Entscheidungen stehen bevor

Die SUR wird derzeit in den europäischen Institutionen verhandelt. Heute diskutieren die Mitgliedstaaten in einer Ratsarbeitsgruppe darüber, welcher Indikator zur Messung des Pestizideinsatzes verwendet werden soll. Am 24. Oktober findet im Umweltausschuss des Europäischen Parlaments eine vorentscheidende Abstimmung statt.

Wer fürchtet sich vor Backpulver?

Die irreführende Natur des Indikators ergibt sich aus zwei konzeptionellen Fehlern, die in einem heute veröffentlichten 5-minütigen Video erläutert werden. Unter Verwendung von Verkaufszahlen aus den Niederlanden zeigt das Video, wie ein kürzliches EU-weites Verbot des bisher meistverkauften Pestizids zu einer illusorischen Pestizidreduktion von rund 60 % in nur einem Jahr führte - eine Reduktion, die nur auf dem Papier existiert, da der verbotene Wirkstoff umgehend durch Vergleichbare ersetzt wurde. Das Video zeigt auch, wie das fehlerhafte Messinstrument ein 8-fach höheres Risiko für ein bio-konformes "Niedrig-Risiko-Pestizid” (Backpulver) im Vergleich zu einem nachweislich gefährlichen Pestizid (Difenoconazol), das als Substitutionskandidat eingestuft ist, errechnet.
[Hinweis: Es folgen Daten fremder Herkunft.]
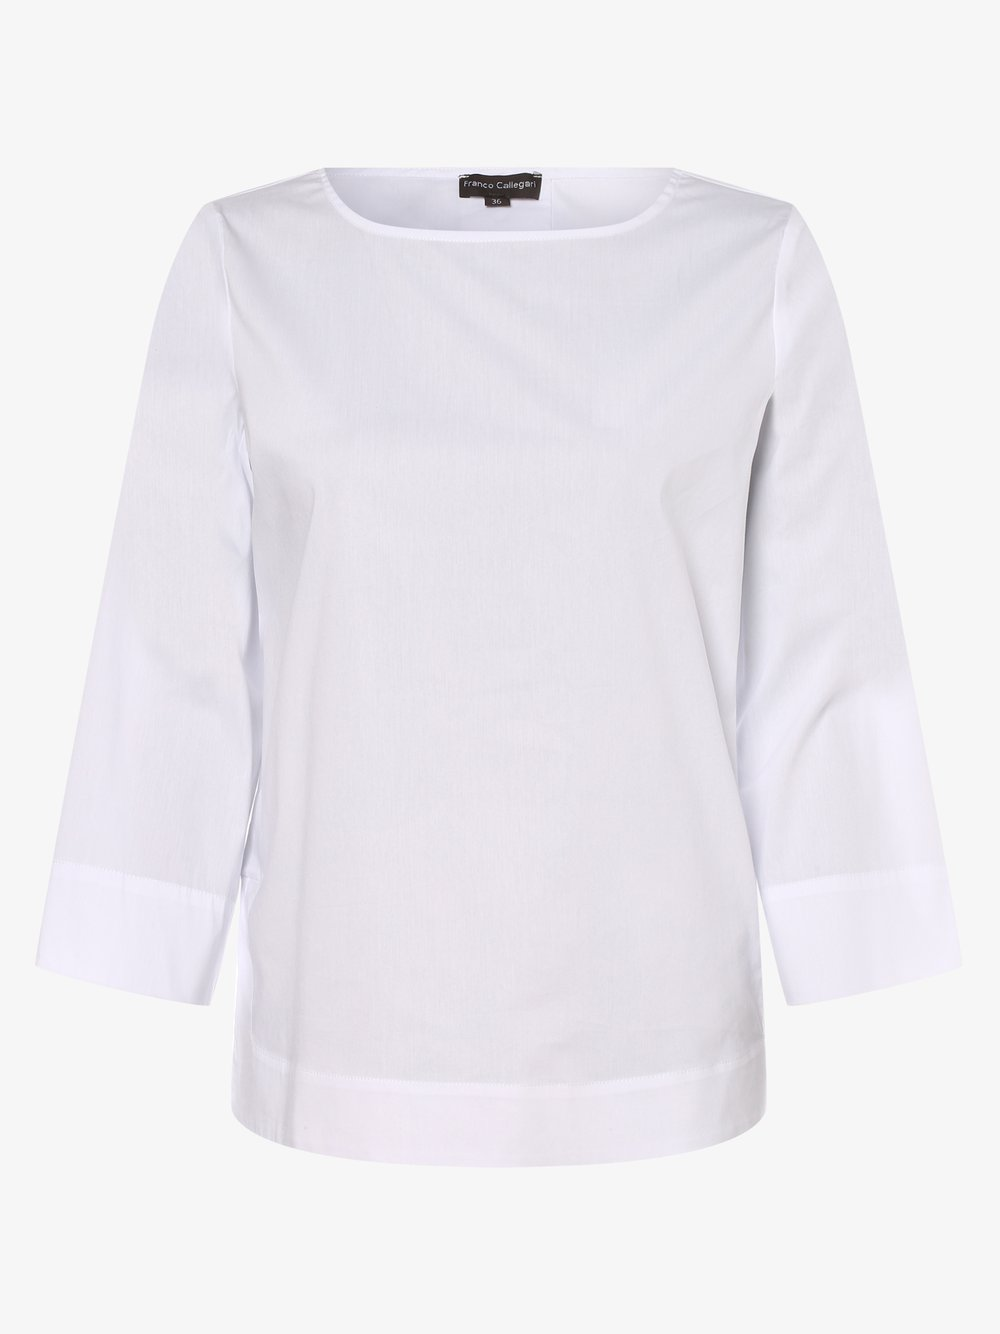 Franco Callegari – Bluzka damska, biały Van Graaf 476888-0001-00460

Irreführender Indikator gefährdet Biolandwirtschaft

Die Korrektur der konzeptionellen Fehler ist dringend notwendig, da der vorgeschlagene Indikator Anreize schafft, die den beiden Hauptzielen der Farm to Fork-Strategie zuwiderlaufen: der Reduktion von Pestiziden und der Ausweitung der Biolandwirtschaft.
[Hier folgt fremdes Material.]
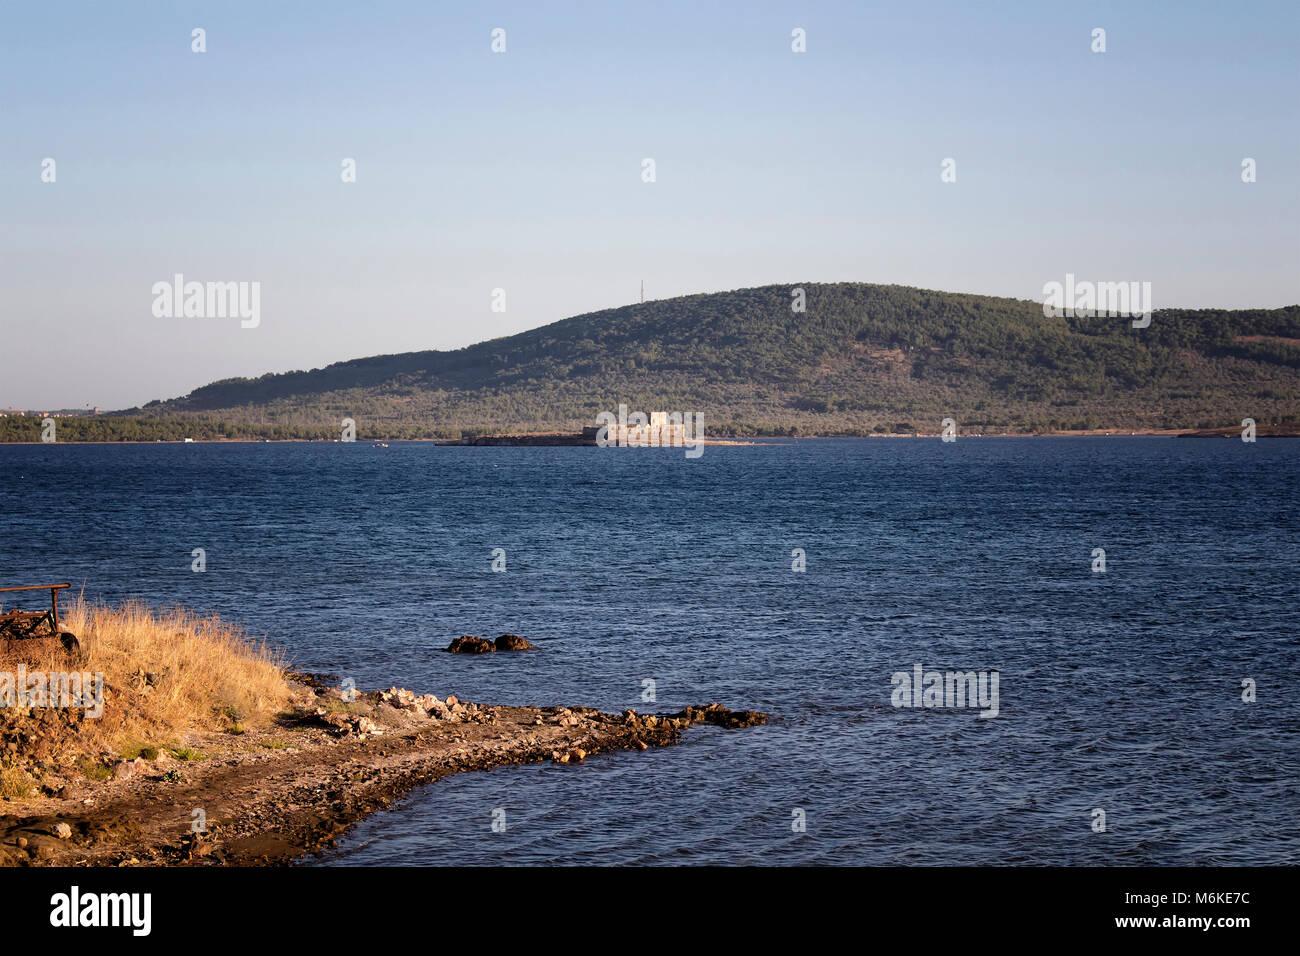 View of Aegean sea and landscape in Cunda (Alibey) island. - Stock Image

"Die Biolandwirtschaft hat großes Potenzial, den dringend notwendigen Übergang zu einer biodiversitäts- und klimafreundlichen Landwirtschaft zu unterstützen. Der derzeit vorgeschlagene Indikator zur Messung der Pestizidreduktion erweckt jedoch fälschlicherweise den Eindruck, dass die Biolandwirtschaft das Problem sei und nicht die giftigen synthetischen Pestizide. Dieser Indikator wird keine Anreize für eine Ausweitung der Biolandwirtschaft schaffen", sagt Eric Gall, stellvertretender Direktor von IFOAM Organics Europe. "Als Dachverband für die europäischen Biolandwirschaft haben wir alle Mitgliedstaaten über dieses Problem informiert und eine Lösung vorgeschlagen. Nun liegt es an den Agrarminister:innen im Rat, die Mängel des Indikators entsprechend zu korrigieren."
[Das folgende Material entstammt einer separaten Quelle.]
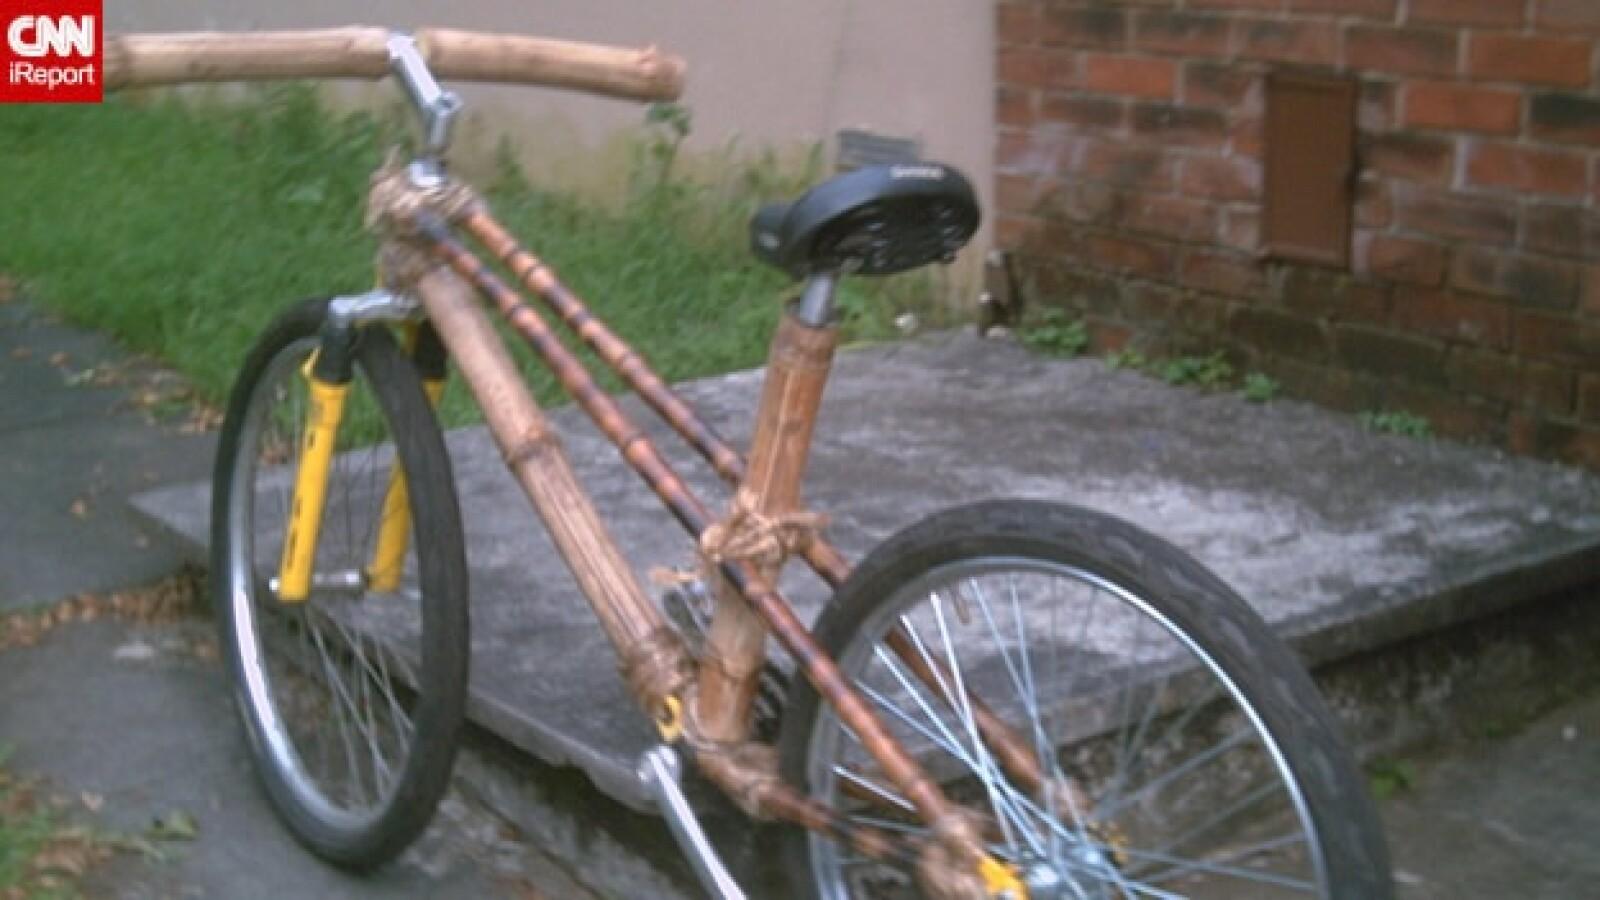 irpt-bicicleta-bambu2

Lösungsvorschlag des deutschen Umweltbundesamtes

"Es ist schwer nachvollziehbar, wie ein solch mangelhafter Indikator in den Gesetzesvorschlag zur EU-Pestizidreduktion Eingang finden konnte. Es gibt jedoch bereits einen Vorschlag, der diese gravierenden Mängel durch die Einbeziehung bereits vorhandener Daten aus dem EU-Zulassungsverfahren für Wirkstoffe beheben könnte. Dieser wurde von Expert:innen des deutschen Umweltbundesamtes in Anlehnung an etablierte Pestizid-Indikatoren wie dem dänischen Treatment Frequency Index (TFI) und dem französischen 'NODU' (Number of Unit Doses) entwickelt und von der Berichterstatterin für die SUR, der Europaabgeordneten Sarah Wiener, unterstützt", so Helmut Burtscher-Schaden.

"Bienen und Bauern retten" und die europäische Bio-Bewegung appellieren an alle Entscheidungsträger:innen im Parlament und im Rat, kein Messinstrument zu verabschieden, das die Pestizidreduktionspläne der EU ad absurdum führen würde: "Die Farm to Fork-Strategie und die Menschen in Europa verdienen einen transparenten und vernünftigen Indikator, der zuverlässige Informationen liefert."